Despite slowing economic growth, increased tariff and tensions with Pakistan, India’s stock market has prospered since last Diwali. In fact, the BSE Sensex gained nearly 11% over the past year while the National Stock Exchange index (Nifty) fetched returns of 9.5%.
These gains are definitely solid, and investors are again anticipating another banner year. This is especially true against the backdrop of the Modi-led government for the second time, which introduces several reforms including an overhaul of the tax system, corporate tax cuts and implementation of a new bankruptcy law. Additionally, easing of monetary policies are pushing the stocks higher. With regard to this, the Reserve Bank of India slashed interest rates for the fourth time this year to stimulate the slowest growth in Asia’s third-largest economy in nearly five years (read: Will Fourth Rate Cut in 2019 Help India ETFs Recover?).
Further, the optimism and fervor surrounding the festival of Diwali and the old belief of Muhurat trading are attracting capital inflows to the country. Muhurat trading is the auspicious stock market trading for an hour on the day of Diwali that according to Hindu belief protects individuals from evil and brings prosperity throughout the year. It has been followed for more than half a century now.
Historically, the equity indices have delivered positive returns in these special trading sessions, though trading volume is usually very low and fewer stocks move during that short duration. BSE Sensex have moved up in 11 out of last 14 Muhurat trading sessions.
Ahead of this Diwali, which falls on Oct 27, the major Indian benchmarks are already up more than 1% this month. Several India ETFs are poised to surge in the coming days on the festive mood and religious customs (read: India ETFs to Get a Short-Term Boost: Here's Why).
Below we have highlighted five funds that will brighten investors’ portfolio with enhanced returns. These products have generated excellent returns over the trailing one-year period and have a solid Zacks ETF Rank #3 (Hold), suggesting more room for upside in the months to come.
iShares India 50 ETF (INDY - Free Report)
This ETF provides exposure to the largest 52 Indian stocks by tracking the Nifty 50 Index. It has a moderate concentration on the top holdings with none of the securities holding more than 10.1% of the assets. With respect to sectors, financials takes the top spot at 40%, closely followed by energy (13.5%) and information technology (12.4%). The product manages assets worth $755.2 million and trades in good volume of nearly 225,000 million shares a day. It is a high-cost choice in the space, charging 94 bps in annual fees and has risen 18.4% in a year.
iShares MSCI India ETF (INDA - Free Report)
It offers exposure to large and mid-cap companies by tracking the MSCI India Index and charging 68 bps in fees per year from investors. Holding 80 stocks in its basket, the fund is highly concentrated on the top two firms with double-digit exposure each. Other firms hold no more than 6.5% share. Here again, financials dominates the fund’s portfolio with one-fourth share, closely followed by 16.4% allocation to energy. INDA is the largest and the most popular ETF in this space with AUM of $5.1 billion and average trading volume of 4.5 million shares a day. It has gained 16.8% in a year (read: India ETFs to Tap on Corporate Tax Cuts).

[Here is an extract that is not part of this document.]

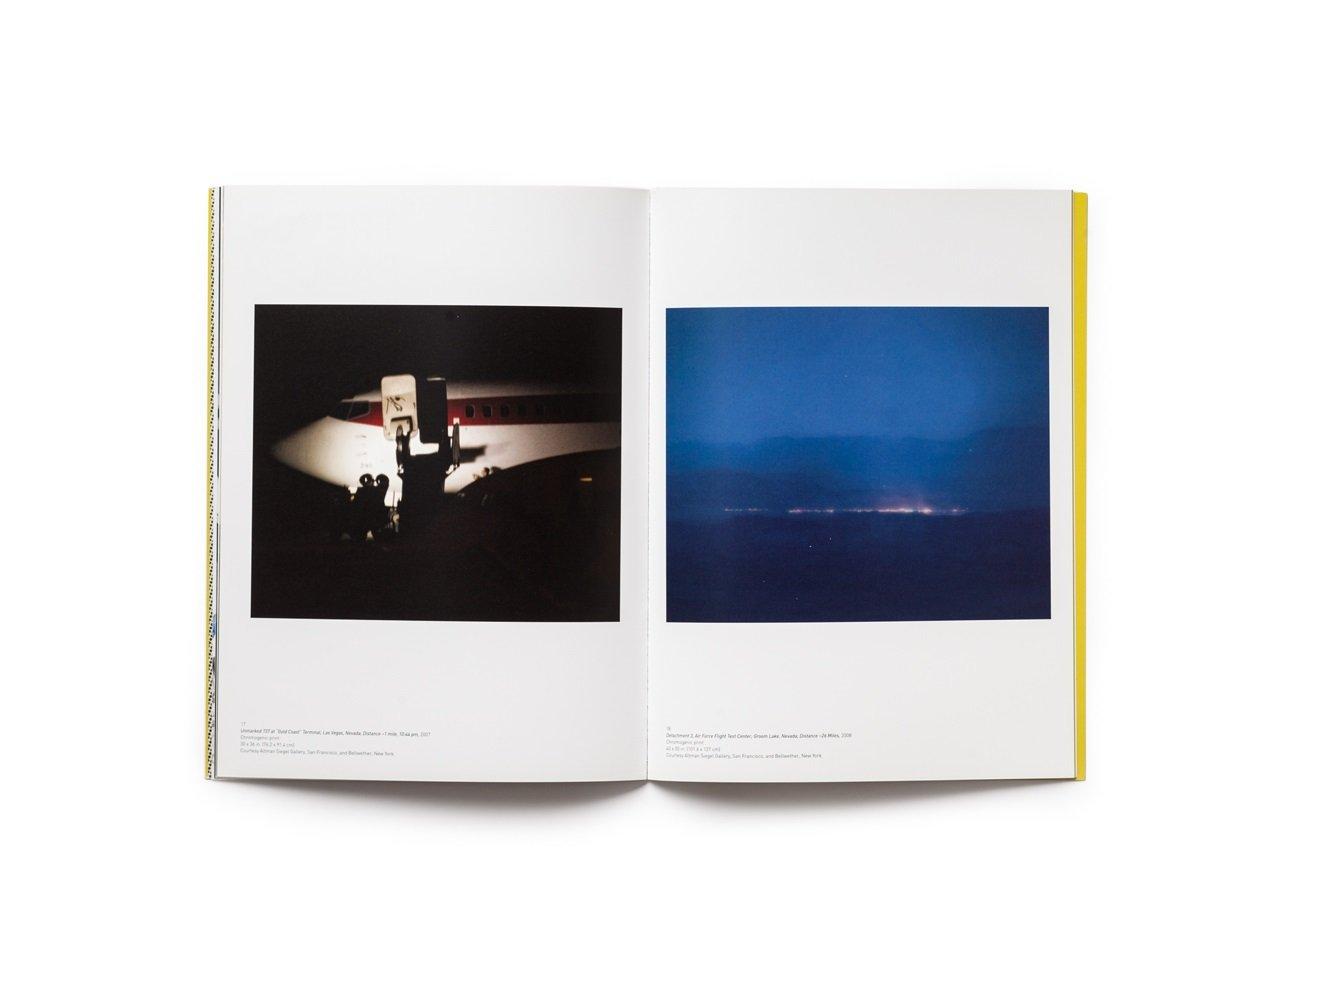 2008 SECA Art Award publication pages 14-15

Franklin FTSE India ETF (FLIN - Free Report)
This fund follows the FTSE India Capped Index, holding 154 stocks in its basket with concentration on the top two firms. Here again, financials takes the largest share at 24.5% while energy, information technology and consumer staples round off the next three spots. The ETF has amassed $15.6 million in its asset base and trade in average daily volume 7,000 shares. It charges 19 bps in annual fees and has gained 15.8% over the past one year.

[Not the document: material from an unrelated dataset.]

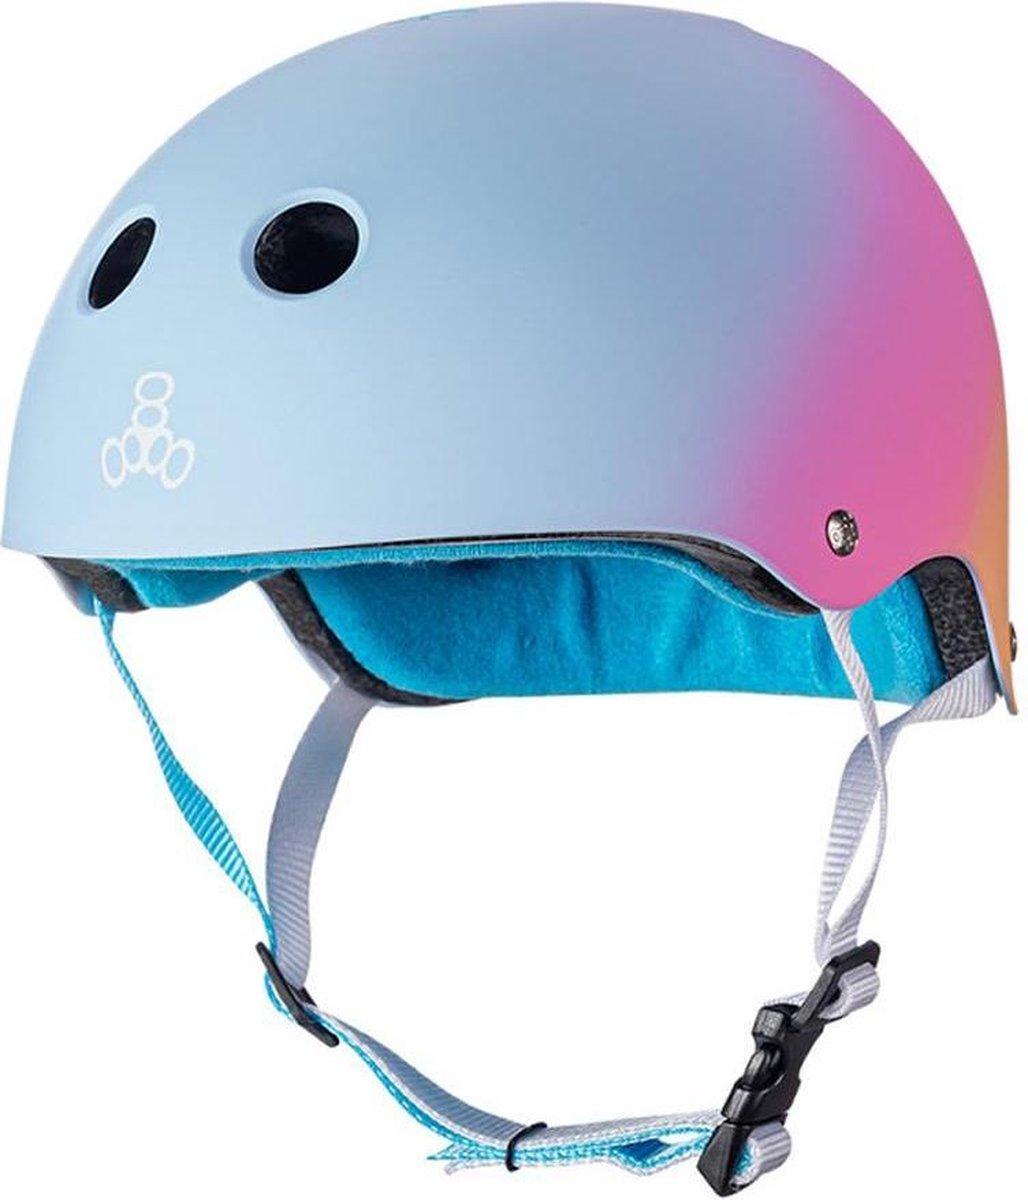 The Certified Sweatsaver Helmet Sunset XS/S

Invesco India ETF (PIN - Free Report)
This ETF tracks the FTSE India Quality And Yield Select Index, holding 126 stocks in its basket and with higher concentration on the top two firms. Other firms hold less than 7.3% of the assets. The fund is widely diversified across sectors with financials, information technology, energy and consumer staples taking double-digit allocation each. PIN has accumulated $128.8 million in its asset base while trading in average daily volume of 53,000 shares. It charges 82 bps in annual fees and was up 14.7% in the same time frame.
Columbia India Consumer ETF (INCO - Free Report)
This ETF targets the consumer industry of India stock market and follows the Indxx India Consumer Index. It holds 31 stocks in its basket with none holding more than 7.03% share. The product has amassed $107.1 million in its asset base and charges 75 bps in annual fees. From a sector look, automobiles occupies the top position with 25.6% share while personal products and food components round off the next two places with over 18.4% and 13.3% share, respectively. INCO trades in volume of 15,000 shares a day on average and has gained 12.7% in the last 12 months (see: all the emerging Asia Pacific ETFs here).